OJ: Won’t that just drive the kids to Flickr?
AB: Shhhhhhhhhhh!
OJ: But given that 90% of Lego sets are designed for and sold to kids, don’t you think you should be creating content that will appeal to them as well?
AB: Oh god no, that’s the last thing we want! Have you
seen children? It makes me shudder what I have to go through to buy sets at Toys R Us. The place is swarming with them. I actually have to just charge towards the Lego aisle swinging a shovel around in front of me, just in case. They really should do something about that. It’s just not safe in there.
OJ: So tell me, when you’re not busy cracking the whip on TBB articles, do you play with Lego in your free time?
AB: Oh absolutely! I’m very involved with my local Lego fan group, SEALUG.
OJ: Ah right, I think I’ve heard of that. What does that stand for?

Andrew with a bunch of
other old ladies at
some SEALUG meeting
AB: It stands for
Software Engineers Anonymous Lego User Group. We meet in Josh’s mom’s basement every third Tuesday and fifth Wednesday to talk about new Lego sets, show off our latest Lego creations, and play Lego games. We even drink actual grown-up beer drinks.
OJ: So what kind of games do you play at these events?
AB: Well there’s
Shit 101 Bricks, where you have to be the first person to ingest and then excrete 101 bricks. That’s kind of an all-nighter right there.

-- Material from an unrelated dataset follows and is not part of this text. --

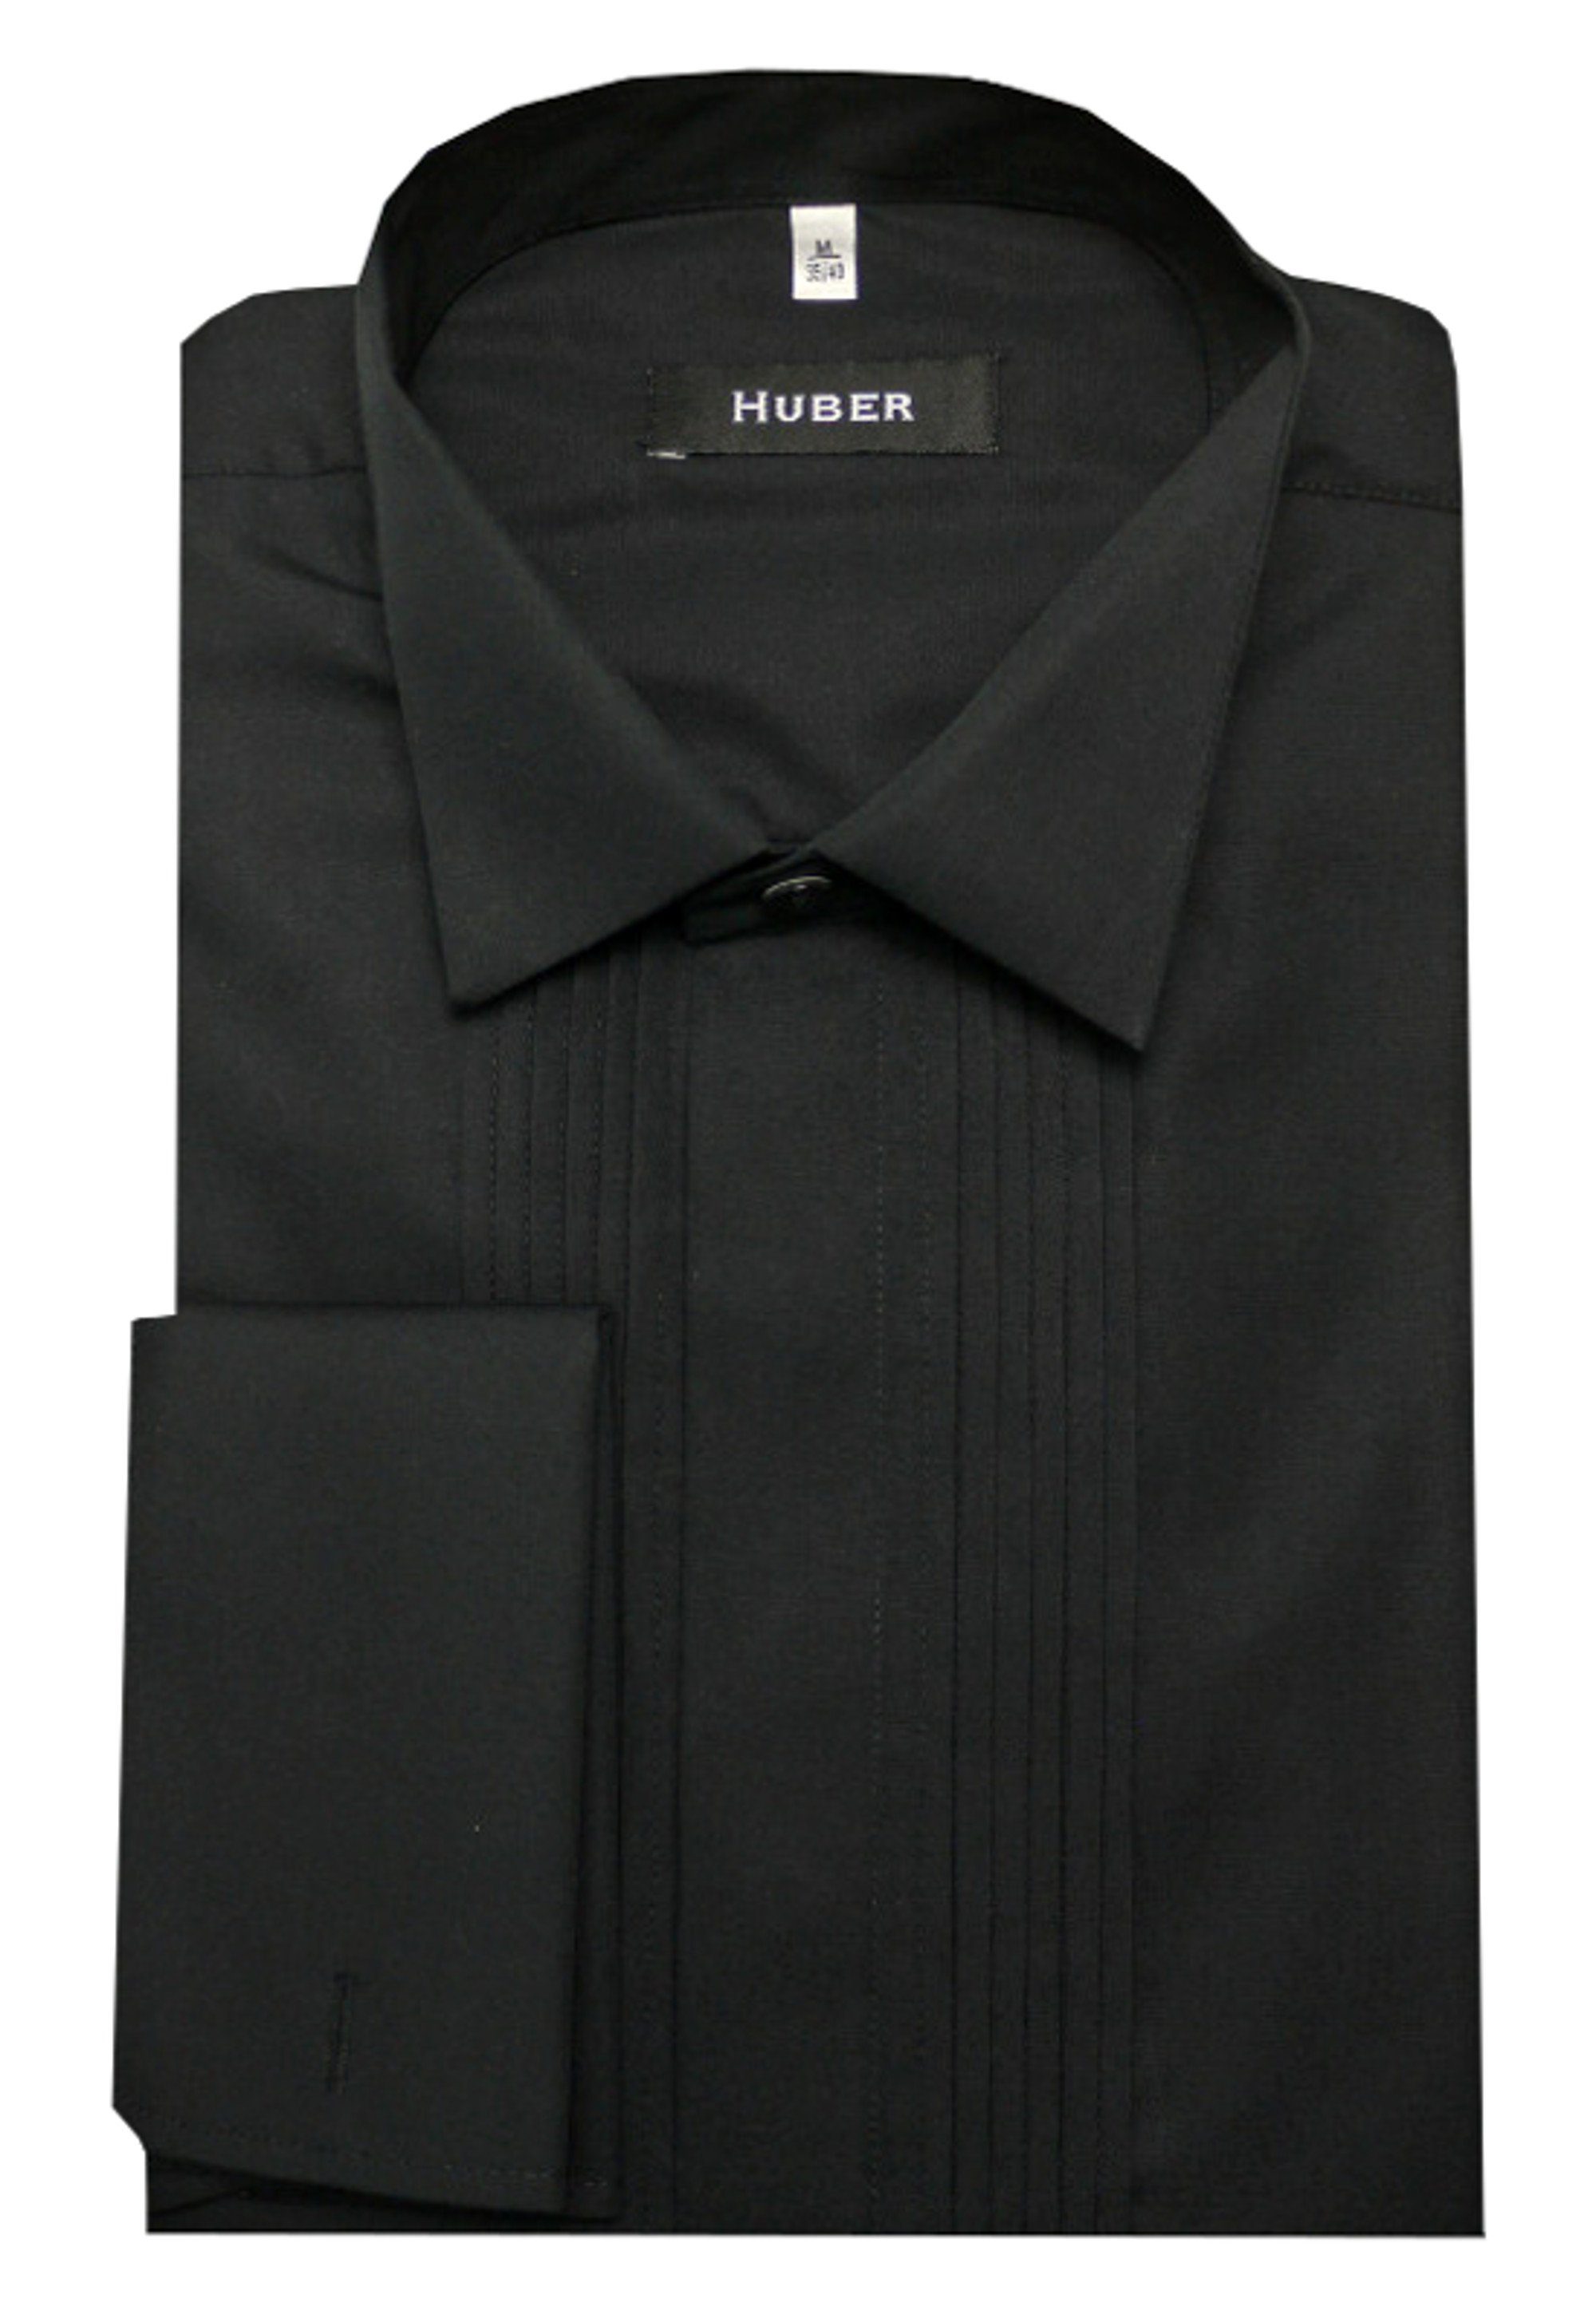 Huber Hemden Smokinghemd HU-0171 Kläppchen-Kragen, Plissee, Umschlag-Manschette, Regular Fit schwarz
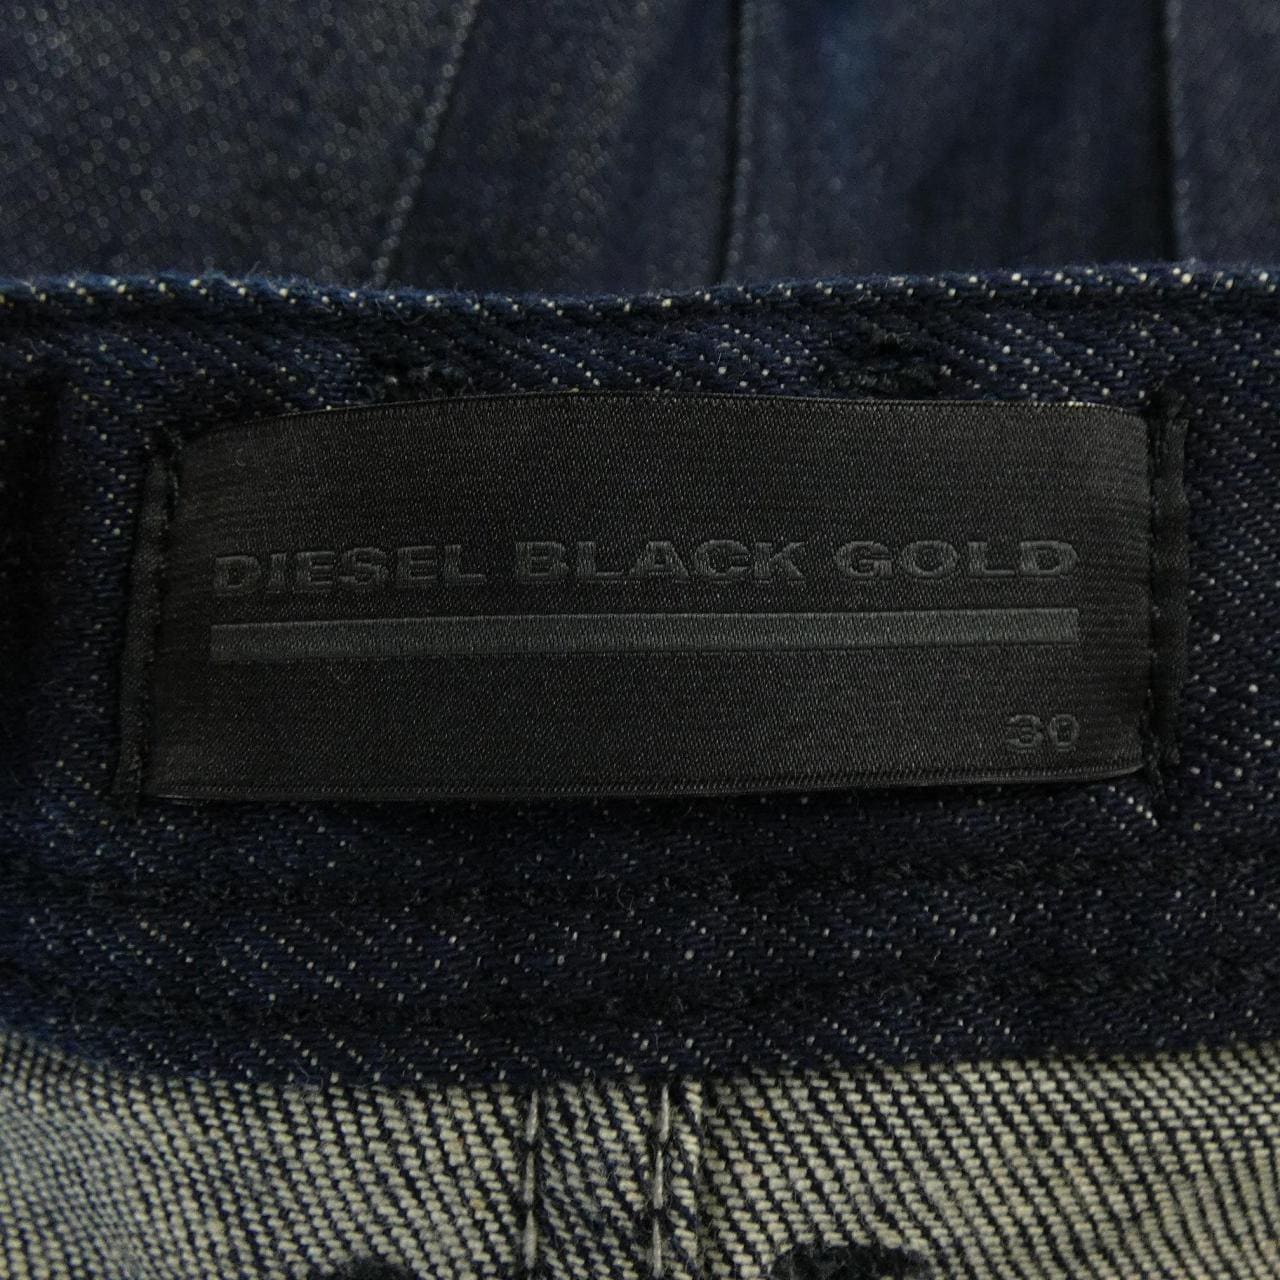 柴油黑金DIESEL BLACK GOLD牛仔褲

OJ: … a sort of a “2 AFOLs and 1 cup”, I suppose.
AB: Oh, and then there’s
Boil in the Bag, where you microwave a bunch of unopened impulse sets, and people race to build the set before everyone else. Or before the plastic melts their fingers off.
OJ: Sounds like fun! Well from the look of that patrol car, I guess our time’s up…
AB: Aha! This is an ex-interview. It has ceased to be!
OJ: Whatever. Thanks for talking to us tonight, Andrew!
AB: Nudge nudge, wink wink, if you know what I mean, eh? Nobody expects the Spanish Inquisition! I fart in your general direction!